Silent film actress Mary Pickford, known as "America's Sweetheart" was born on this date in 1892. 10 things you might not know about her:
- Despite being known as America's sweetheart, she was actually Canadian. She was born Gladys Louise Smith in Toronto.
- Her acting career started when she was seven, when she toured with her family as Baby Gladys Smith. Her two siblings, Jack and Lottie, were both actors, too.
- As a child, she used to eat rose petals, because she believed that doing so would make her as beautiful as a Rose.
- In 1907, Mary decided that if she didn't land a role in a Broadway play by the end of the year, she would give up acting for a more lucrative career. She did get a role, and two years later went for her first film audition, for the Biograph Company's film Pippa Passes. She didn't get that part, but she did catch the eye of director D. W. Griffith, who signed her for other roles.
- The Biograph Company didn't do actor's credits. Stars of their films were never listed by name so at first the fan following she quickly amassed didn't even know her name. They referred to her as "The Biograph Girl" or "The Girl with the Golden Curls". The cinemas used these nicknames on their advertising to let potential customers one of her films was showing.

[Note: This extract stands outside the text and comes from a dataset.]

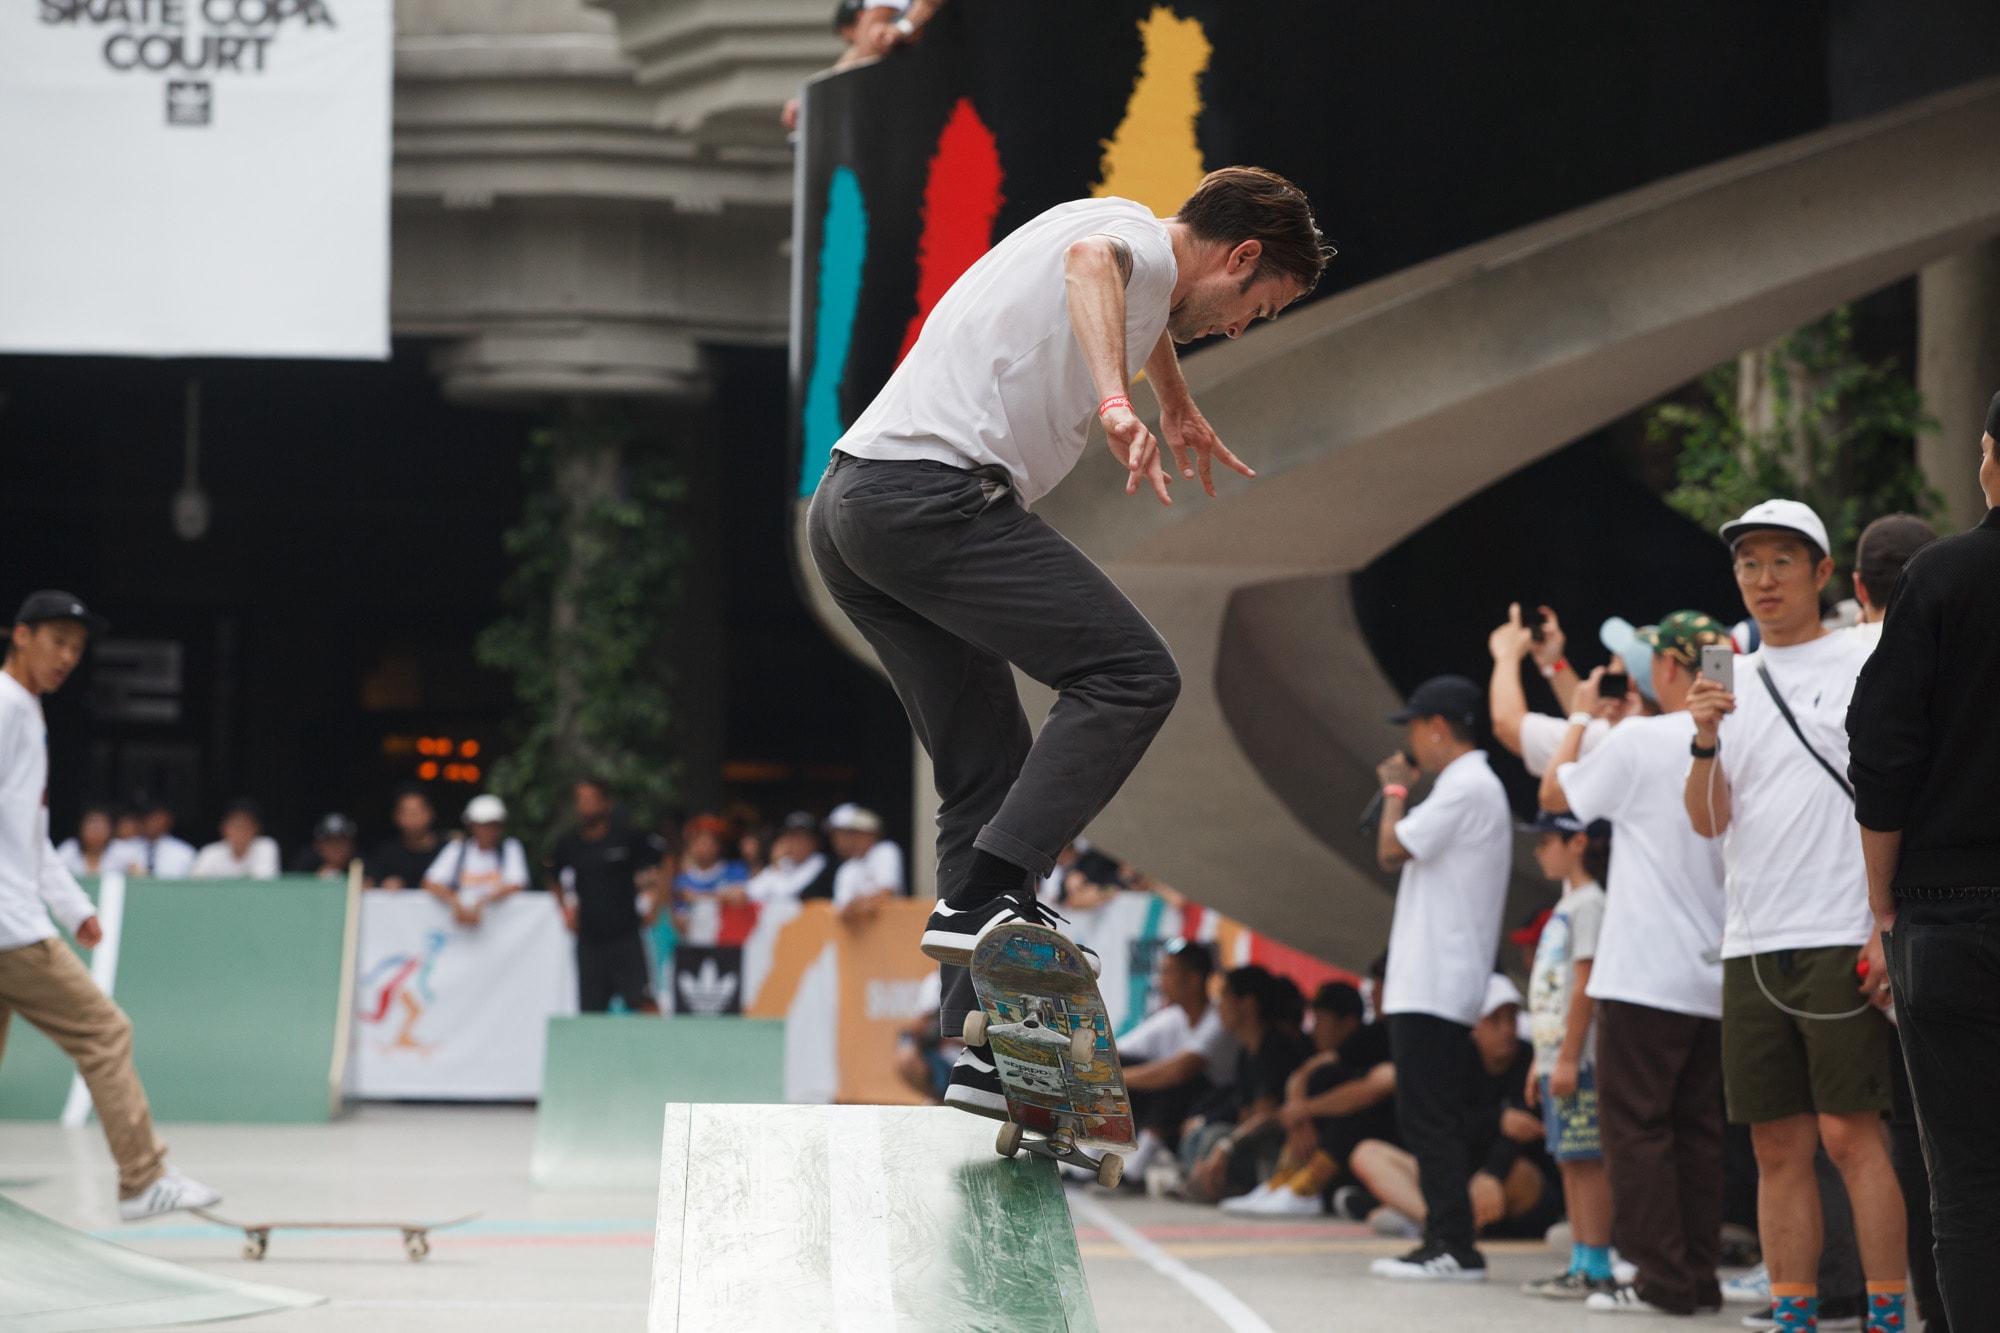 adidas Skateboarding 2017 Skate Copa Court Shanghai Recap

- Mary was less than five feet tall and many of her roles were young girls such as Pollyanna or Rebecca of Sunnybrook Farm. In fact, she was so young looking that when she first met her future stepson Douglas Fairbanks Jr, then still a boy, he thought she was a play date his father had brought for him and asked her to join him playing with his train set. She did.
- After her mother died, Mary cut off her famous curls. Her action was possibly motivated by grief as the two had been very close; but it could also have been that she no longer wanted to be known as a "little girl". The fact that she'd had a haircut made the front page of the papers in New York. It didn't go down well with some of her fans, who sent her hate mail because of it.
- Mary Pickford was married three times. She was married to actor/writer Owen Moore from 1911-1920, to actor/writer/producer Douglas Fairbanks from 1920-1936, and to Charles ‘Buddy’ Rogers from 1937 to her death in 1979. Marrying Fairbanks led to her being Joan Crawford's mother in law when her stepson, Douglas Fairbanks Jr., married her in 1929.
- She didn't welcome the advent of talkies. She once said, "Adding sound to movies would be like putting lipstick on the Venus DeMilo." While it was true that her film acting career pretty much ended with the talkies (although it could also have been that she was getting to old to play young girls and other roles didn't suit her so well) she starred in some plays and also went into the production side as a businesswoman. Mary co-founded United Artists along with Charlie Chaplin, D.W. Griffith, and Douglas Fairbanks while she was still acting and got more involved with the production side after she retired. She also became a philanthropist. At the end of WWI, she helped found the Motion Picture Relief Fund to help needy actors, and started a scheme where people in the industry would pledge a tiny percentage of their salary to the fund. The fund provided a retirement home, the Motion Picture Country House, for actors who couldn't afford a retirement home.
- She was the first actress to sign a million dollar contract; the first to receive a percentage of a film's profits; the first artist to have her name in marquee lights and be billed as an “International” Star; and the first, along with Douglas Fairbanks, to leave her handprints at Grauman's Chinese Theater. Even if the tale that Norma Talmadge was first, because she accidentally walked through the wet concrete and gave Sid Grauman the idea, Mary Pickford was still the first to do it deliberately.